I'll agree in part with the introduction to the Penguin Classics version, authored by Daniel Pick, that says: Trilby"seems to occupy several key crossroads of its time. It hesitates between elitism and egalitarianism; amateurism and professionalism; between enthusiasm and horror of the marketplace in general and the merchandizing of talents in particular..." I think, too, what he's getting at in a polite way is that the writing is very uneven; some passages are fine and ironic, while others are confusing rather than merely ambiguous.

I would speculate that Trilby hit a chord with people who were still coming to terms with Darwin's new theories on evolution and survival of the fittest, mysticism versus scientific fact, industrialization and dehumanization. Hence, the character of Svengali, who mesmerized his protege to the point of total control, literally mesmerized the reading public as a kind of elaborate conceit of these issues.

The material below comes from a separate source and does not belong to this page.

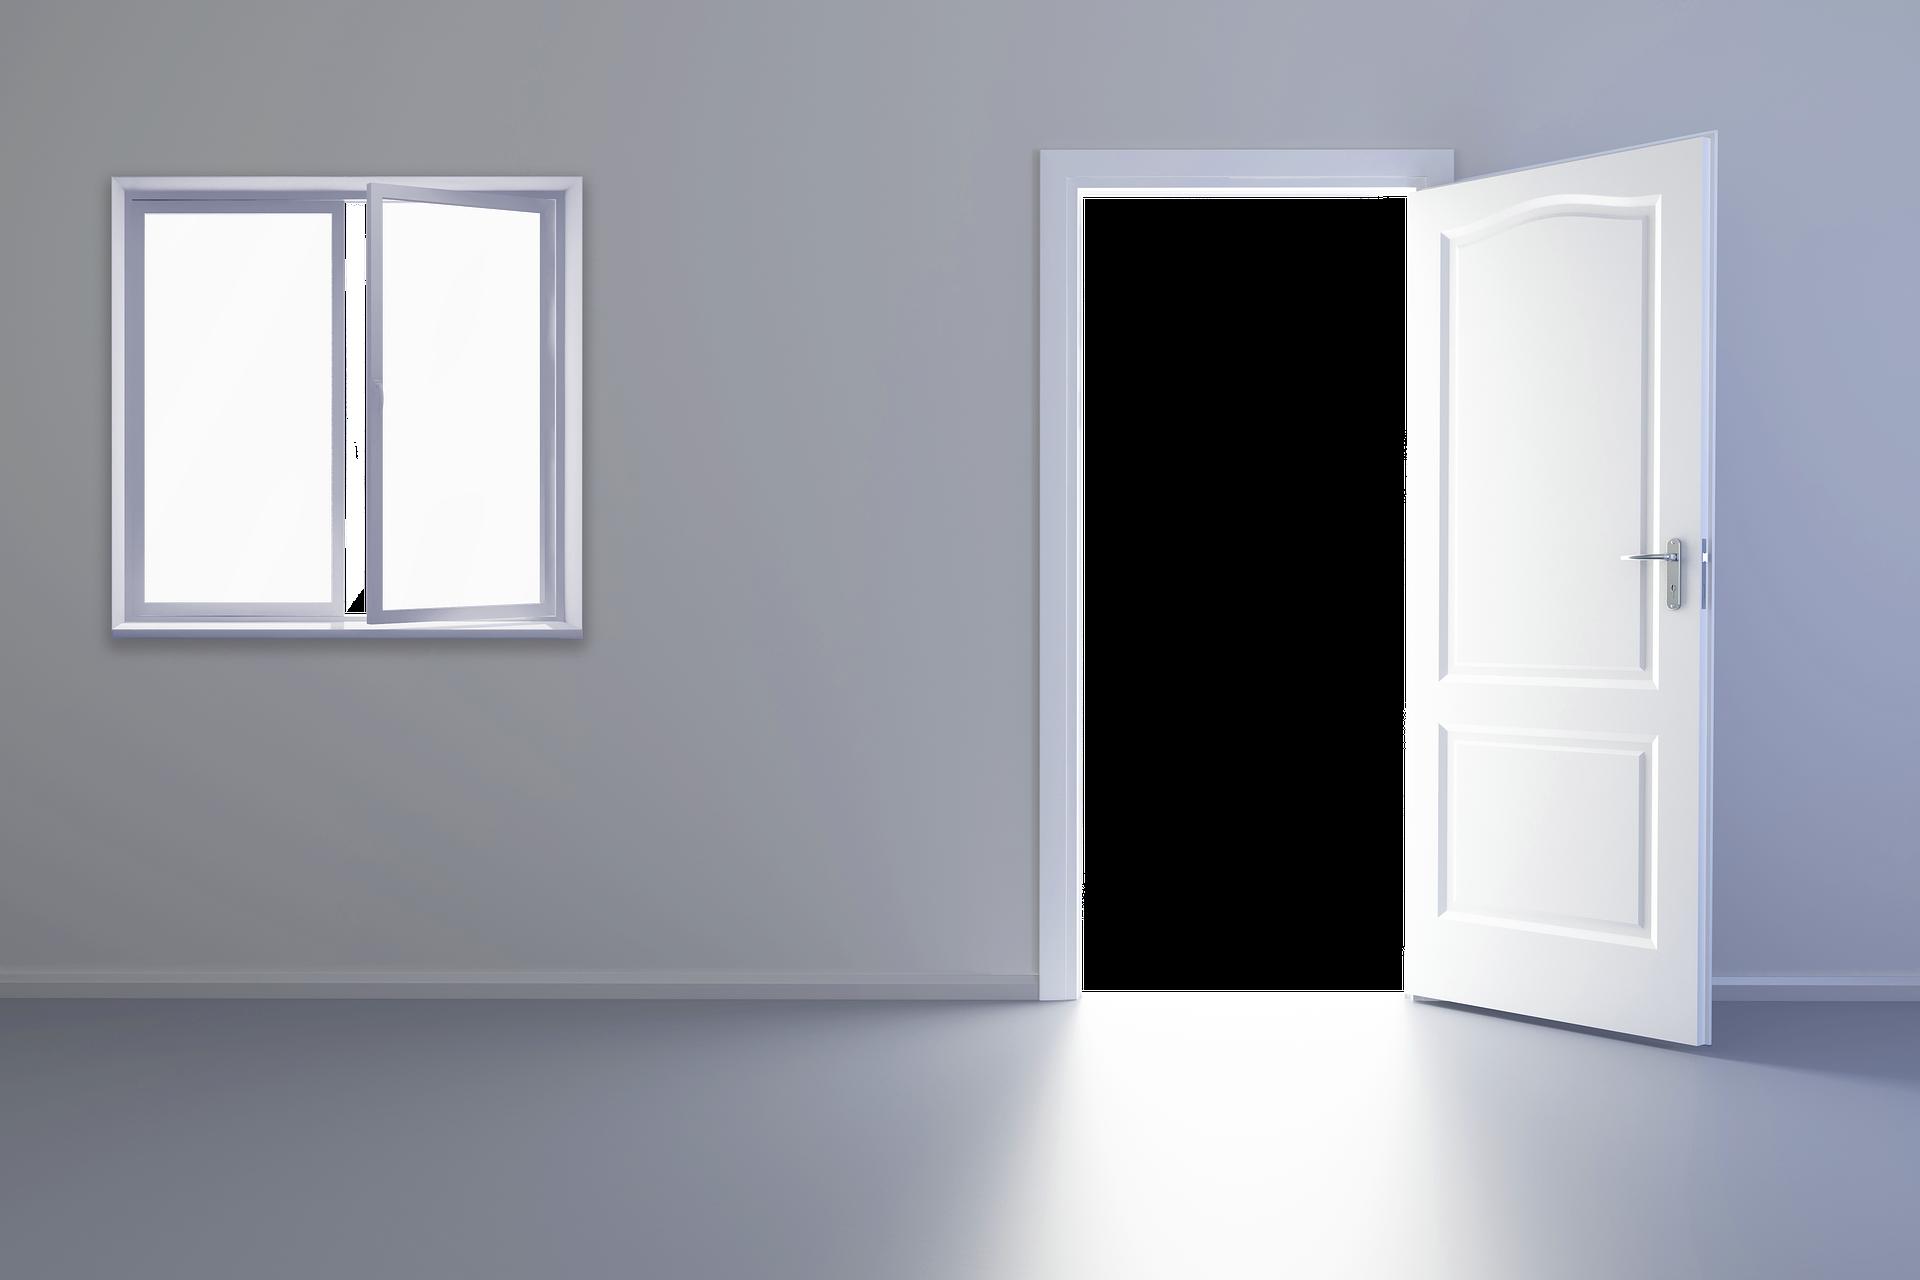 miestnosť dvere

Svengali is in fact the most memorable character in the book -- and he takes up suprisingly little real estate within the pages! For me, the novel fell flat when old Svengali wasn't up to his tricks; everyone else was so "noble," "brave," "naive," or otherwise brimming over in Victorian virtues that I welcomed a character with some less than sterling qualities -- especially one who was so successful at something that is portrayed as unethical at best, evil at worst. He's more human because he's complex. Maybe that's why the term has still stuck around.
I wish I could stomach reading this again to try to hit on the nuanaces Daniel Pick outlines in the introduction. But this is a rather obscure, outdated novel. I'd say it's worth the read for anyone interested in late-Victorian literature. But I don't think I can read it again.

2.26.2007

Monday mish-mash

There's so much reading-related activity happening lately at Planet Kitten, I thought I'd just do one of those catchall posts.

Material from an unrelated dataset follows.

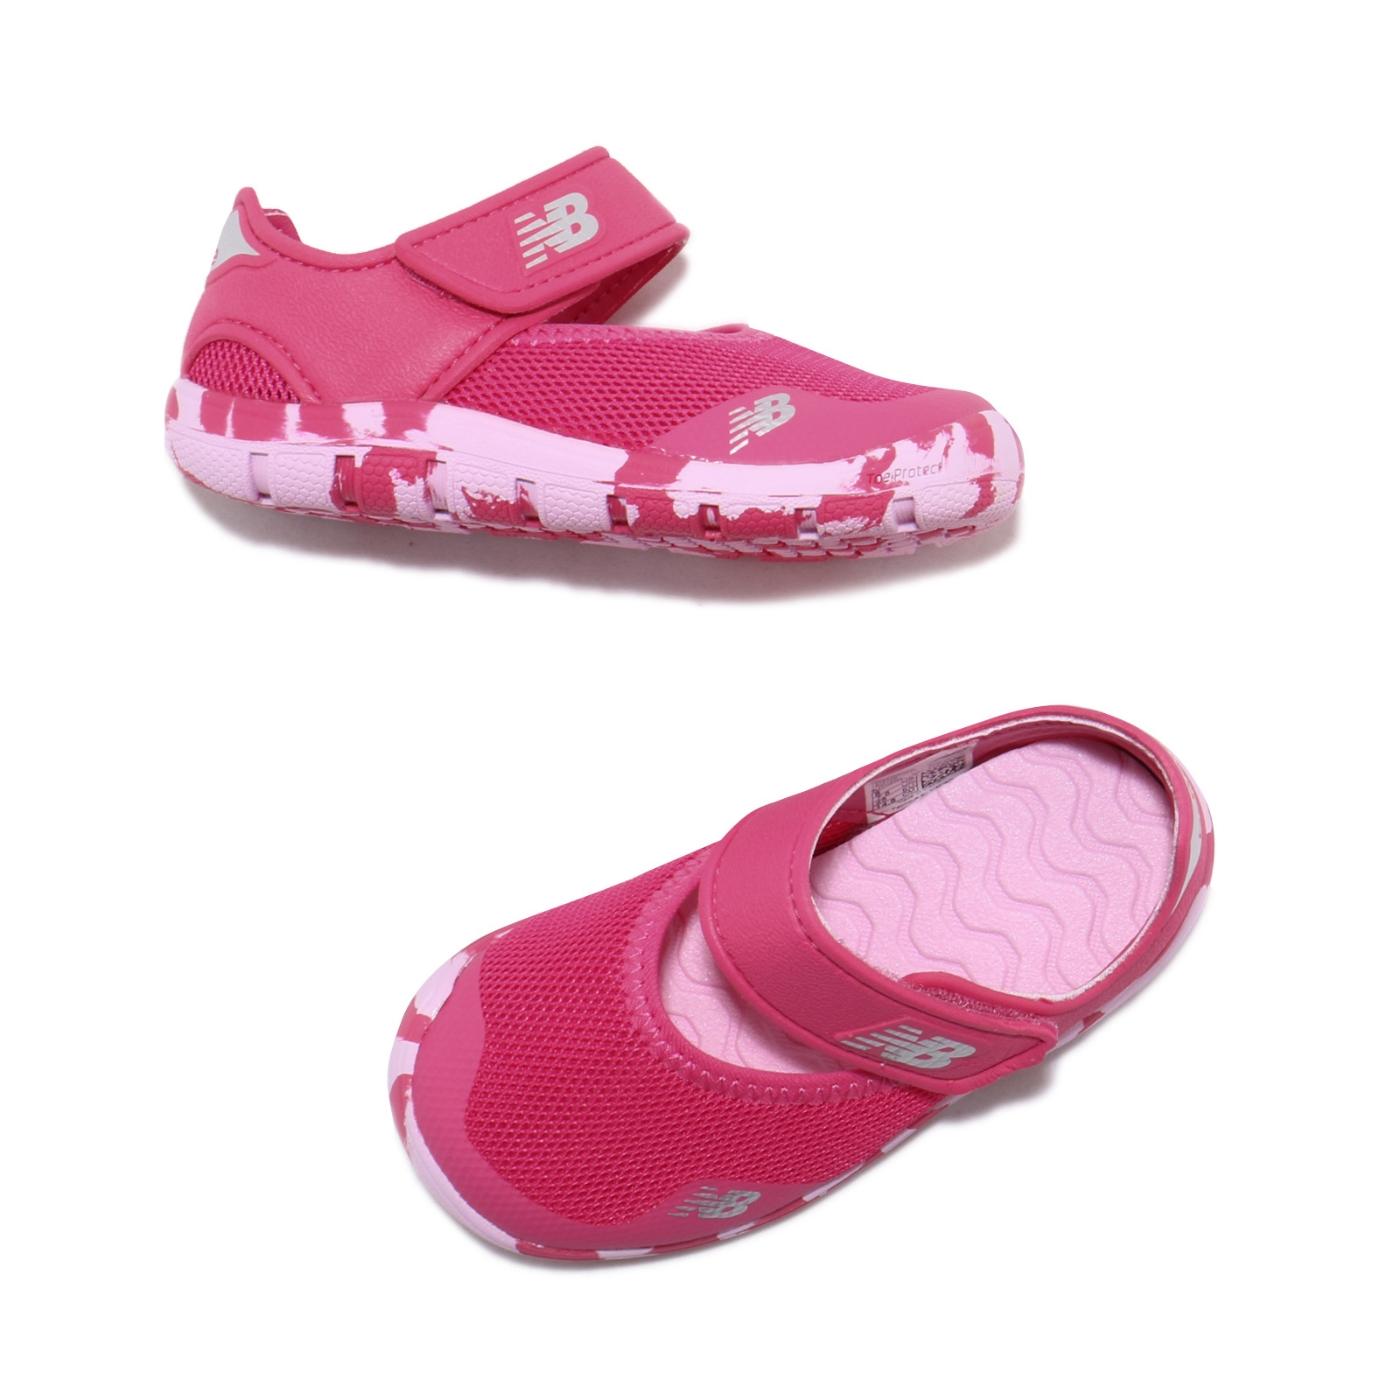 New Balance 涼拖鞋 W 寬楦 童鞋

1. Finished Trilby. An odd book, surely, dated and very late-Victorian in tone and topic. But I'm very glad I stumbled upon it and managed to read it. (A long analytical post to come, I promise. I need to digest it a bit.) I'm thrilled that I managed to finish 3 books during my Month of Romance Reads!

2. Memoirs of a Muse by Laura Vapynar. About halfway through this one, and I am really enjoying it. I think the subject matter (a girl obsessed with Dostoevsky and his muse, who aspires to be a muse herself) is compelling to me, and the author's prose is clean and sure. A future post on this, absolutely. With any luck, I will finish in time to add a fourth romantic read for February (and all that in a short month!). I don't recall how or where I heard about this book, but if it came from a fellow blogger, many thanks.

3. Book-buying binges. Well, I've maxed my credit cards on Amazon.com and the QPB site, and my new bookshelves already are bulging at the seams. Check out my (partial!) TBR list on Library Thing, if you don't believe me. And what did I do this weekend? I stopped by a sidewalk sale on my way home from the DeYoung Museum in Golden Gate Park and, for $2, picked up: Alias Grace and Bluebeard's Egg (short stories) by Margaret Atwood and If I Told You Once by Judy Budnitz. Isn't it fortunate that I happened across the two Atwood books, just after finishing Cat's Eye -- and being determined to read more of her? I am planning to delve into the short stories during my evening bus commute. But, with all of these books waiting impatiently for me, covers closed and silent and begging to be exposed to light and sight, I am so overwhelmed, I don't know where to start! There are too too many good books in the world for one poor little reader.

Lucky for me, the monthly list of reading seems to help me focus. And, so far, feels doable and satisfying. I'm gearing up for essay reading in March -- a nice change of pace from novels, with room built in for whatever else strikes my fancy.

How are your reading adventures going lately?